Thought people on here would be familiar with it. Anyways heres a link.

http://www.bodybuilding.com/fun/core9.htm


----------



## CowPimp (Jan 10, 2007)

It's just an upper-lower split.  It seems a little haphazard in loading suggestions and whatnot, but there is a good mix of strength work and more hypertrophy-oriented work.  It also mentions using unloading phases in the article which is good.

I might change some things around with regard to exercise selection (The constantly touted push-pull ratio), but you could do a lot worse than this.


----------



## Witchblade (Jan 11, 2007)

Looks pretty decent. I'd remove some isolation stuff.


----------



## Dale Mabry (Jan 11, 2007)

is the 5RM 1 set with your 5 rep max?

I would drop the assistance work and only do assistance on stuff you need work on.

I wouldn't do 2 pulldown exercises, just one on day 3.

I would put all low rep strength work first, so I would move incline barbell on day 1 after the JS Rows and squats after DL on day 4.  What are JS rows, anyway?
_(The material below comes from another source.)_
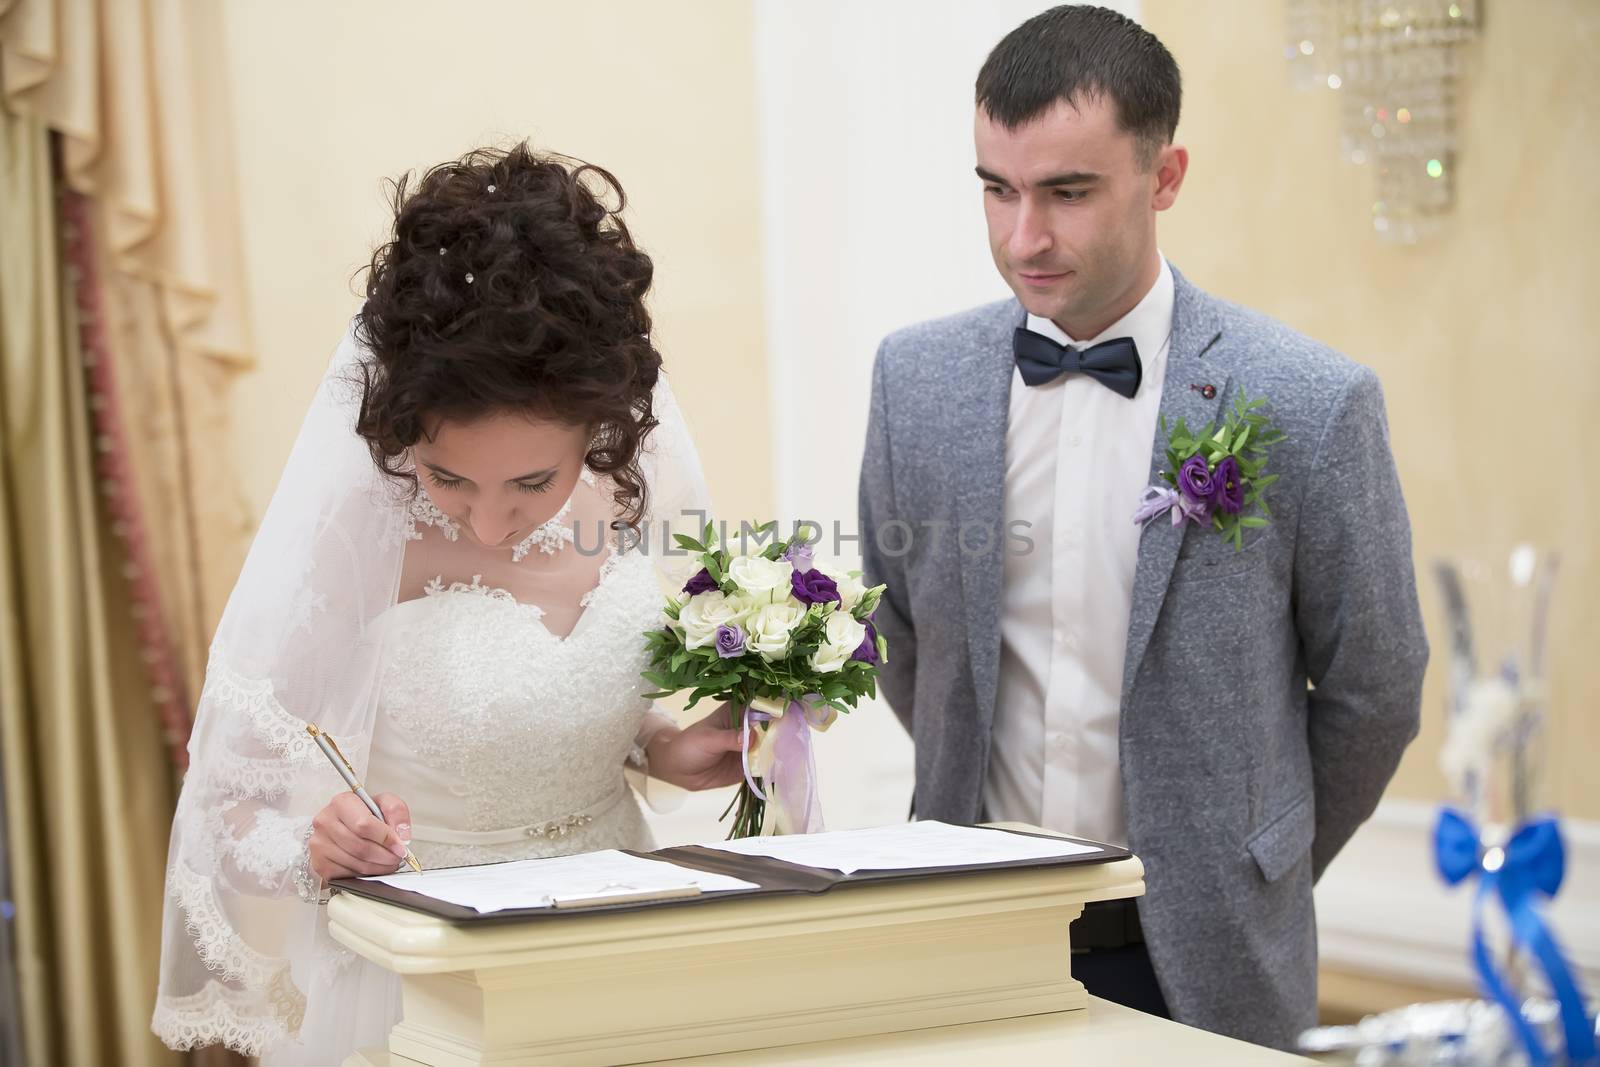 The bride and groom register in the registry office

There are 3 push exercises for strength work on day 3, but only 1 on other days, I would balance that out as CP said.  I would drop floor presses and add weighted pull-ups on the pull strength day and alternate which plane (frontal or transverse) I started with from week to week or just do one strength exercise.  I would probably go with 1 strength exercise on each day for simplicity sake.

I don't see DB swings as a hypertrophy exercise, so I would either do them for power at the beginning, or drop them.

I have no idea why there are 15-25 reps on hammer curls, seems pointless.

That is what I got for now.


----------